Below is just a summary of some of the provisions. Given the complexity of tax laws, I am only providing a brief statement on each provision. There may be exceptions to each law below, and given the intricacies, you should be speaking with your CPA before taking any action.
Real Estate tax provisions
1. Accelerated depreciation for business property on Indian Reservations. Extended through 2020.
2. Section 123 - Nonbusiness energy property. A tax credit for 10% of amount paid for qualified energy improvements of a principal residence. Cap of $500. Extended through 2020.
3. Section 129 - Energy efficient homes credit. A tax credit of $1,000 or $2,000 allowed to an eligible contractor for the construction of a new energy efficient home. Extended through 2020.
4. Section 131 - Energy efficient commercial buildings deduction. A deduction (for energy efficient improvements to lighting, heating, cooling, ventilation, hot water systems of commercial buildings is extended to apply to property place into service before January 1, 2021. This previously expired December 31, 2017.
5. Section 142 - Employer credit for paid family and medial leave. A tax credit based on wages. Extended through 2020.
6. Section 203 - Employee retention credit for employers affected by disaster area. A tax credit of 40% of wages (up to $6,000 credit per employee) is allowed for 2018 and 2019.
Individual tax provisions
1. Section 102 - treatment of mortgage insurance premiums as qualified residence interest is extended through 2020.
2. Section 103 - Medical deduction threshold of 7.5% of AGI will apply fo 2019 and 2020. Previously scheduled to increase to 10% of AGI.
3. Kiddie tax - repeal of TCJA rules so that the pre-TCJA rules will apply for 2020 and later. However, one can elect to apply pre-TCJA rules for 2018 and 2020.

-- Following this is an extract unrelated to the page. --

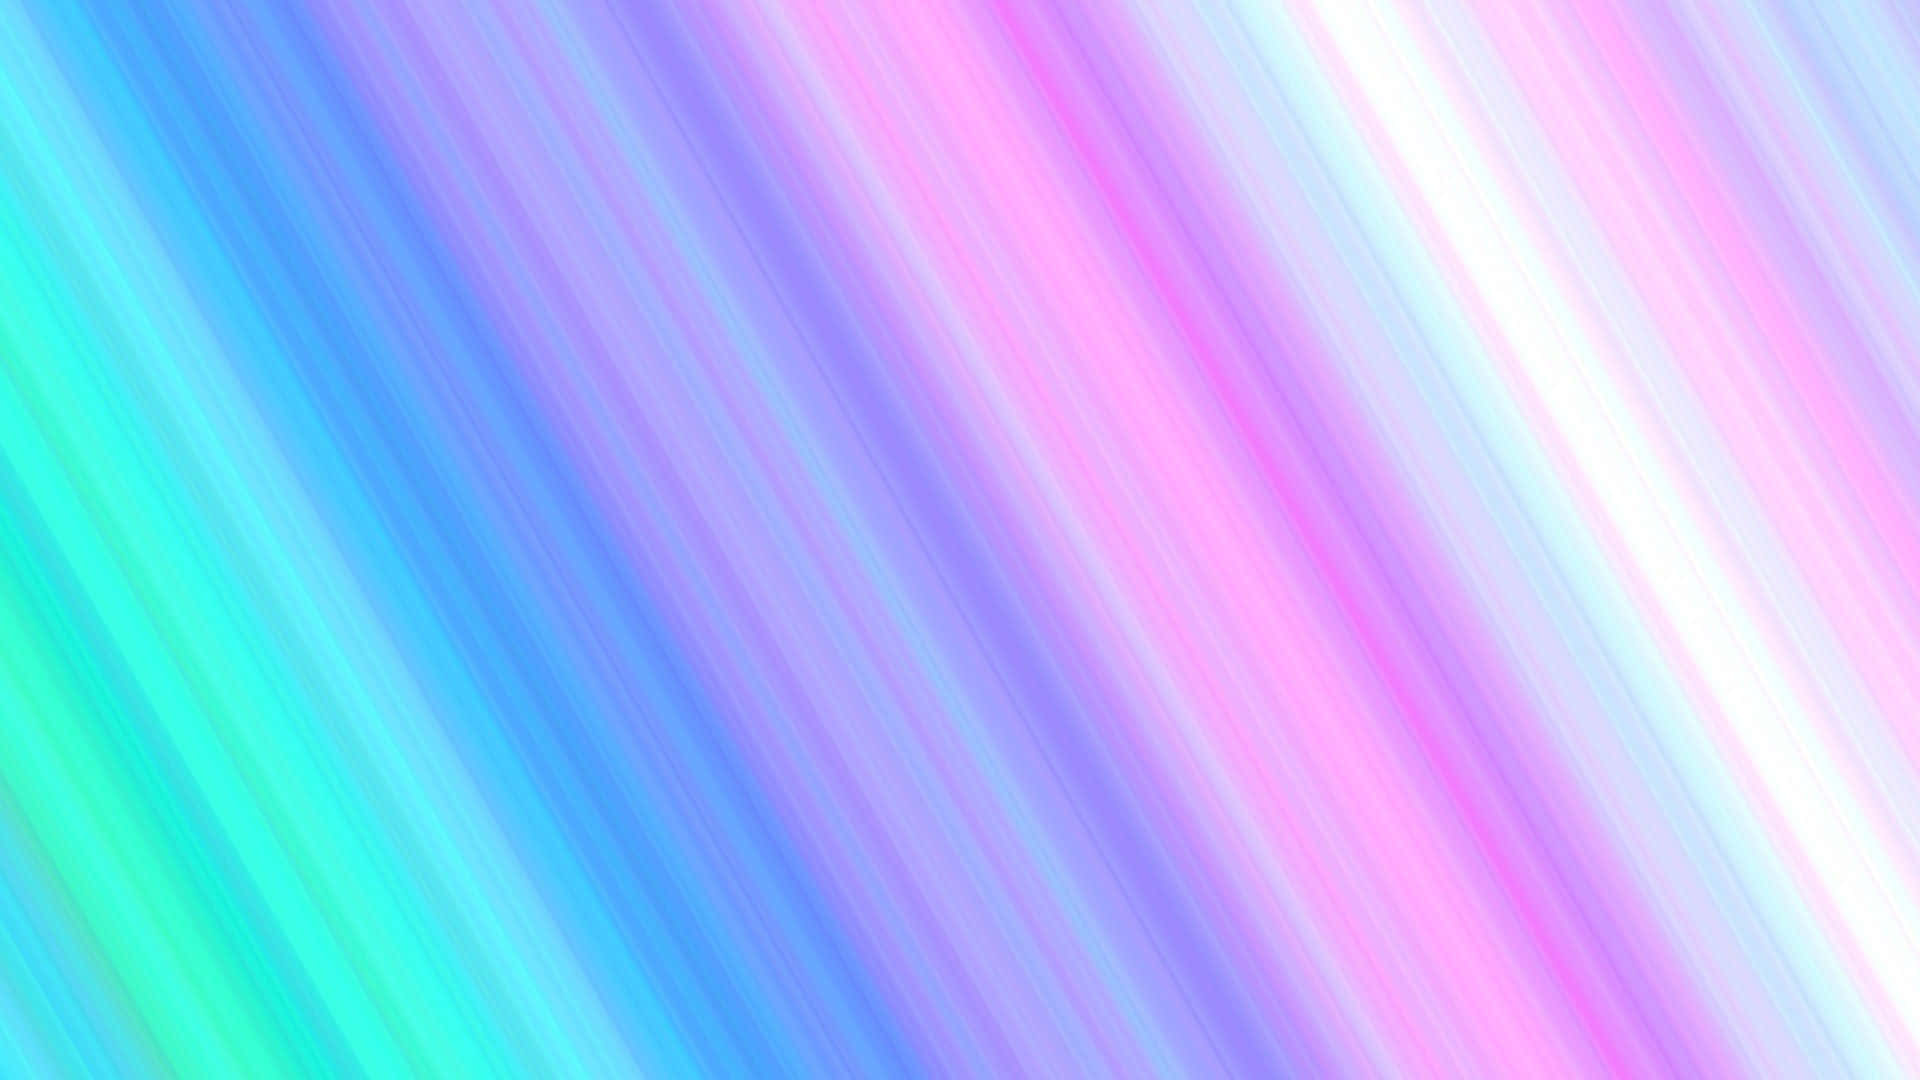 2048 pixels wide and 1152 pixels tall colorful wallpaper

4. Section 529 plan changes - the SECURE act expands the types of payments which can get favorable treatment under section 529 distribution rules. Such as: distributions for payments of fees, books, supplies and equipment for an apprenticeship program (certified with Secretary of Labor) are covered. In addition, distributions to pay principal or interest on a qualified education loan. There is a $10,000 limit for each beneficiary and sibling on all 529 plans.
5. Maximum age for traditional IRA contributions is repealed. Recognizing that people are living longer, after 12/31/19, the rule will allow those over 70.5 years to contribute to a traditional IRA.
6. Required minimum distribution age is raised to 72. Applies after 12/31/19.